Cybertruck owners have discovered that a part of these stainless steel electric vehicles could “stop producing torque” while driving. The failure was noted by Tesla in a recall from the National Highway Traffic Safety Administration on November 5. Any sudden loss of propulsion could “increase the risk of collision,” the notice ominously added. The latest recall (the sixth this year) requires time in the shop, not an over-the-air (OTA) update (over-the-air).
The reports on the instantaneous loss of electrical power Due to the failure of inverters (devices that convert direct current to alternating current and control the speed and torque of an electric vehicle’s motor) may alarm the average electric vehicle driver, but for extroverted buyers of Elon’s flagship Musk, is proof of the aggressiveness of this angular truck, Ivan Drury, information director of the Edmunds car buying guide, explained to WIRED.
And what does it matter?
“People who are attracted to [el Cybertruck] It doesn’t have build quality or safety in mind,” he says, “and the fact that it can be a dangerous vehicle to drive is the key to its appeal. “No one is going to buy it to use as a real truck.”

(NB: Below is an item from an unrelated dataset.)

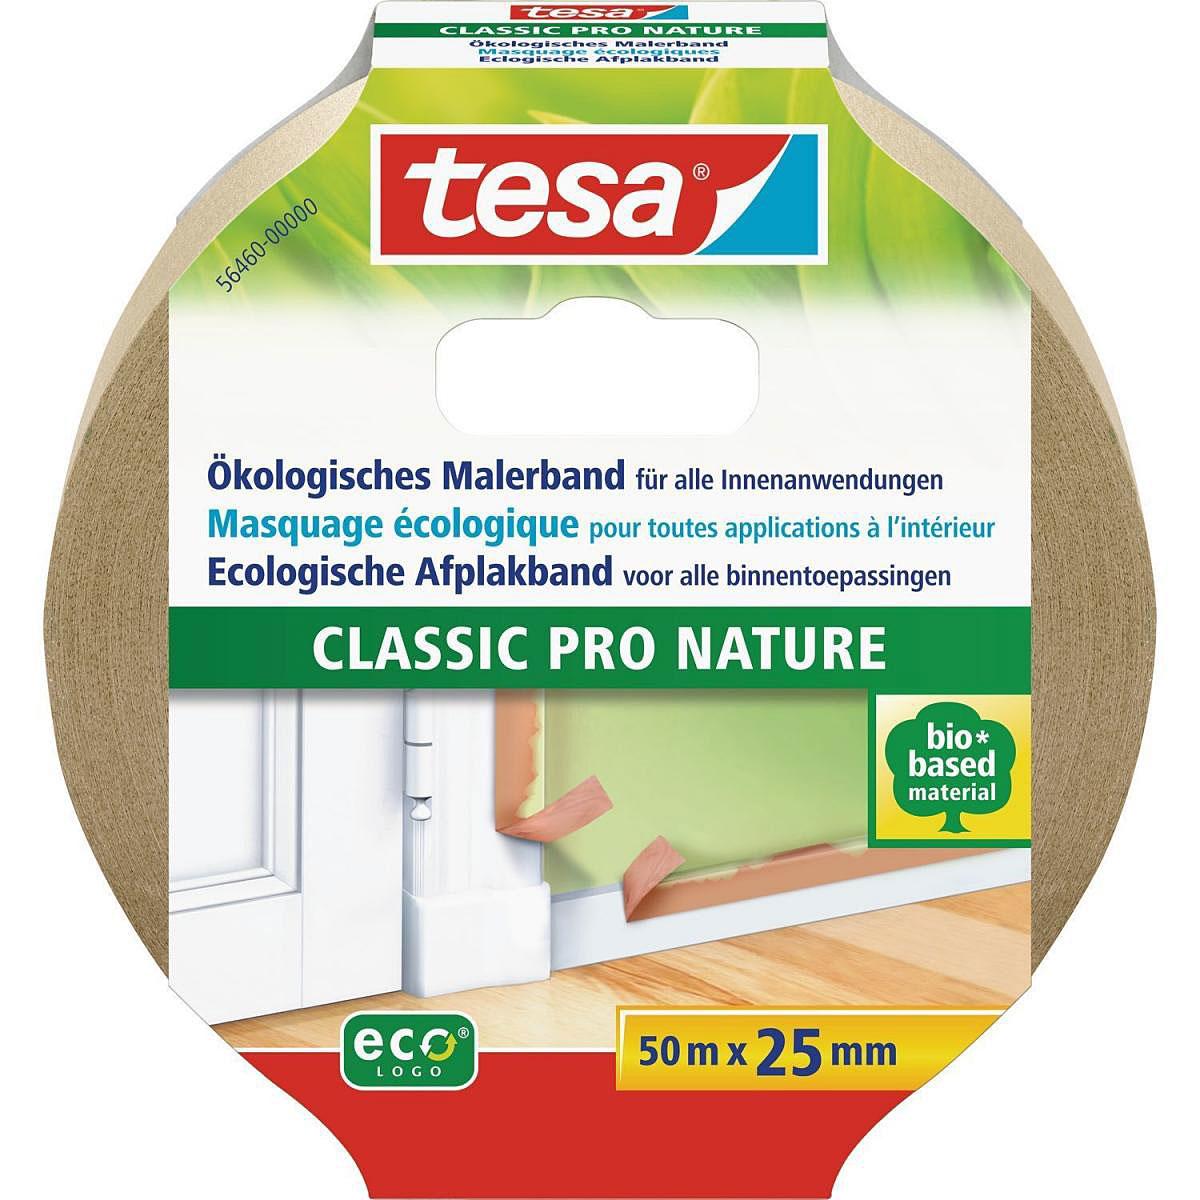 Tesa Maler-Krepp Eco Premium Braun 50 m x 25 mm

Pressing the accelerator pedals of the affected Cybertrucks could take their drivers nowhere (a negative point, one might think, for a vehicle that is supposedly faster from 0 to 100 km/h than a Lamborghini Aventador (but, adds Hawaii-based Drury, that won’t hurt the truck’s reputation among many aspiring owners.
“The more the press and others say it’s bad, the more they will see it as good.” [los clientes típicos del Cybertruck]”says Drury.
Named on the internet as Cyberbrickthe vehicle was launched in December 2023; Apparently, Tesla had already sold 27,000 of them in October this year, as can be deduced from the number of Cybertrucks that appear in the fifth recall. Some 2,431 Cybertrucks were affected by the sixth recall, which forced the vehicle to be abandoned so that new ‘variable frequency drives’ could be installed.
The recalled drives, equipped with potentially defective metal-oxide semiconductor field-effect transistors, were installed in Cybertrucks manufactured between November of last year and the end of July of this year.
“Karl Brauer, executive analyst at car rating service iSeeCars, tells WIRED that “it is common for new models to see an increase in recalls during the first year after their launch, but what is interesting is to see how quickly this decreases. the number of recalls after launch and how quickly it continues over the years.
And in this regard, the Cybertruck may be lacking: “Vehicles with ongoing recalls long after launch suggest much higher lifetime recall totals,” Brauer explains. Calculate that the six Cybertruck recalls to date are “worse than 91%” of other 2024 vehicles. All of this was possibly foreshadowed in 2023, when a leaked Tesla report showed that the Cybertruck had basic design flaws.
Looks matter
“We don’t feel comfortable making predictions [de retiradas de por vida] on the Cybertruck at this very early stage,” Brauer emphasizes, “but so far it is not doing very well.
Edmunds’ Drury thinks most Cybertruck buyers barely pay attention to longevity estimates, and many of them probably don’t care about product recalls, OTA or otherwise. “Cybertruck customers do it for the looks, they don’t care how many times it will be called for service in 30 years,” says Drury, “they buy this car for now, without thinking about the future.”